The global giant will pay total consideration of approximately $850 million, subject to customary working capital and other adjustments, including the refinancing of Empire City’s outstanding debt, which is expected to be approximately $245 million at the time of closing.
MGM also expects that approximately $260 million of the remaining consideration will be in the form of MGM Resorts common stock. There is also an agreement for MGM to pay additional consideration of $50 million if Empire City is awarded a licence for live table games on or prior to 31st December 2022 and MGM Resorts accepts such license by 31st December 2024.
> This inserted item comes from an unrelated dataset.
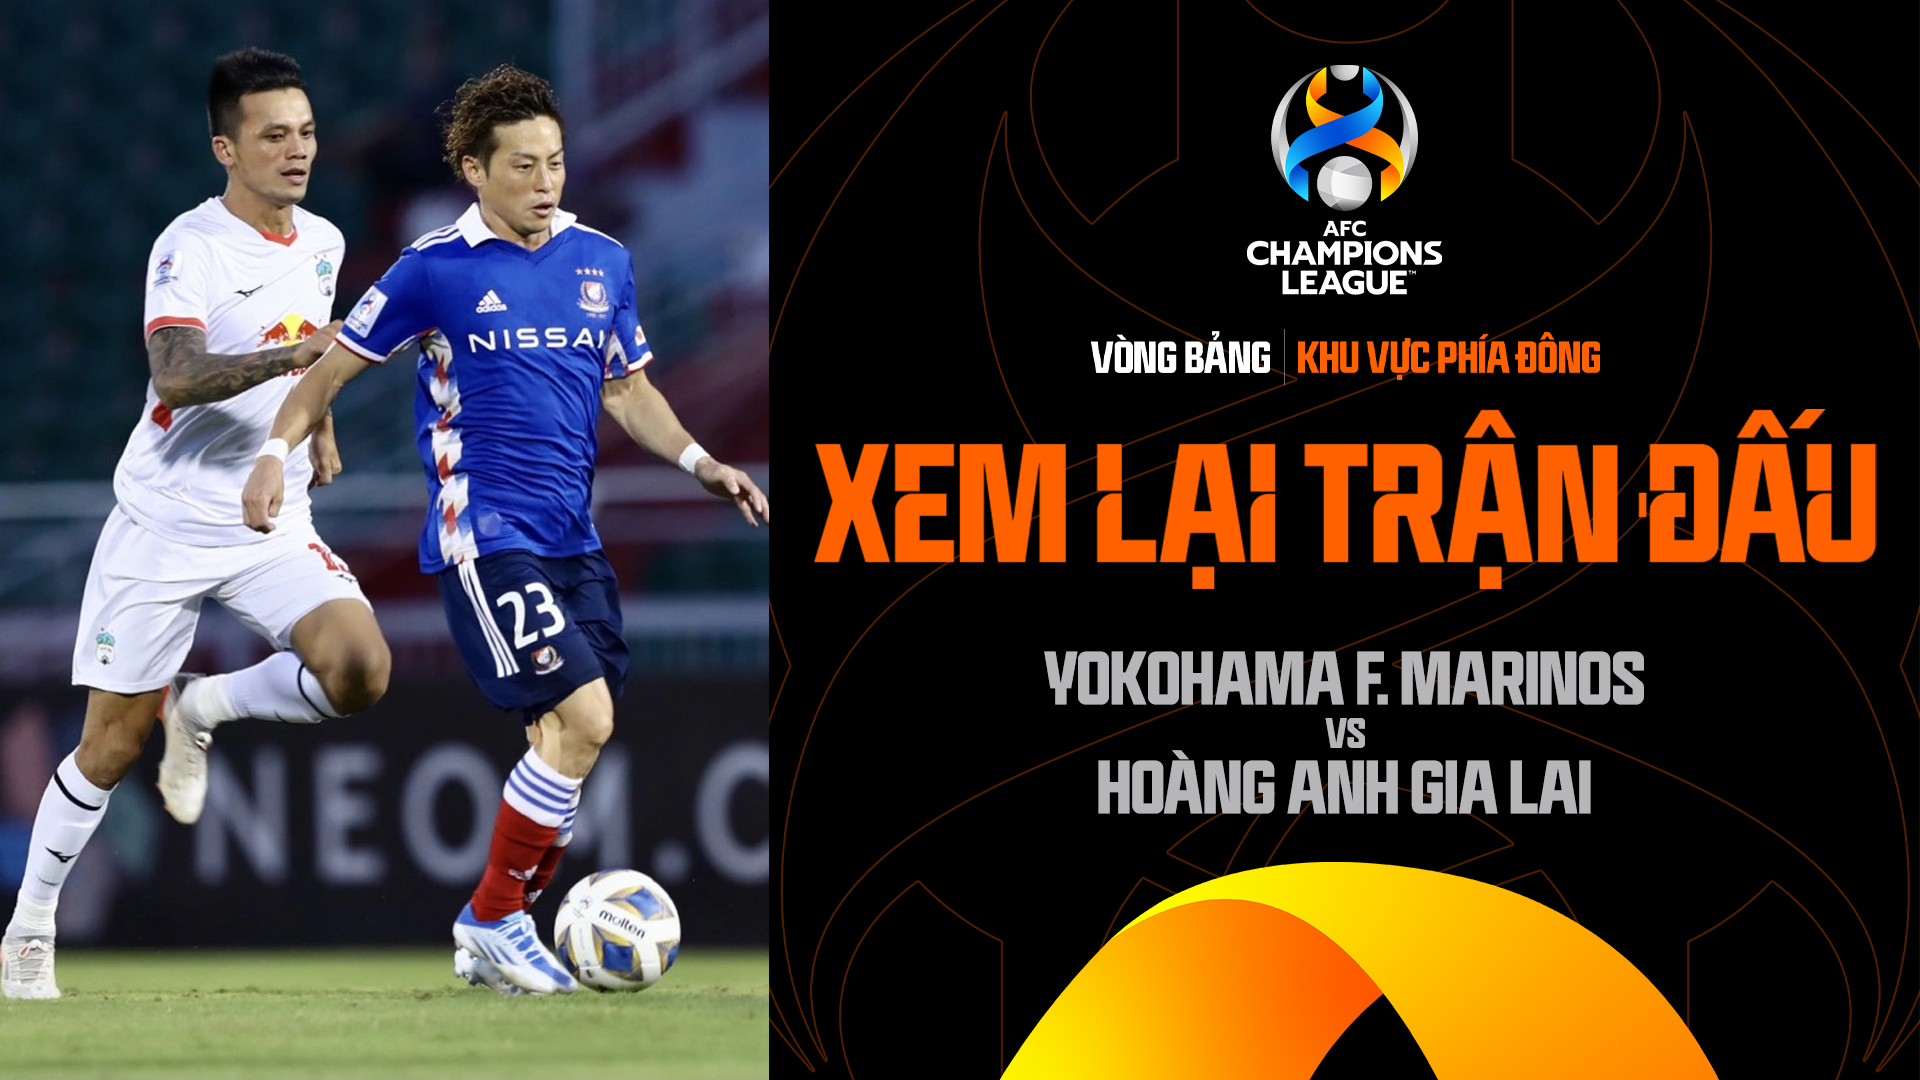 Yokohama F. Marinos - Hoàng Anh Gia Lai | Xem lại trận đấu - AFC Champions League

“We are excited to announce the addition of Empire City to the MGM Resorts portfolio,” said Jim Murren, Chairman and CEO of MGM Resorts International. “This acquisition represents an excellent opportunity to further solidify our presence on the East Coast, and in particular, expand our reach into the high-density New York City region. We believe this transaction enhances our free cash flow profile and presents attractive future opportunities for the Company, and we look forward to welcoming the Empire City team and guests to the MGM Resorts family.”
“With Empire City’s approximately 40% share of gross gaming revenues in the market, we believe there are significant opportunities for MGM Resorts to further drive growth,” said Dan D’Arrigo, Executive Vice President and Chief Financial Officer of MGM Resorts International. “We believe the transaction will be value-accretive within its first year of closing, with incremental revenue synergies expected to support growth in 2020 and beyond.”
D’Arrigo added: “Following the sale of the developed real property to MGP, the net purchase price to MGM Resorts of approximately $225 million represents a multiple of less than 6 times Adjusted EBITDA, inclusive of expected operational synergies and identified revenue growth opportunities.”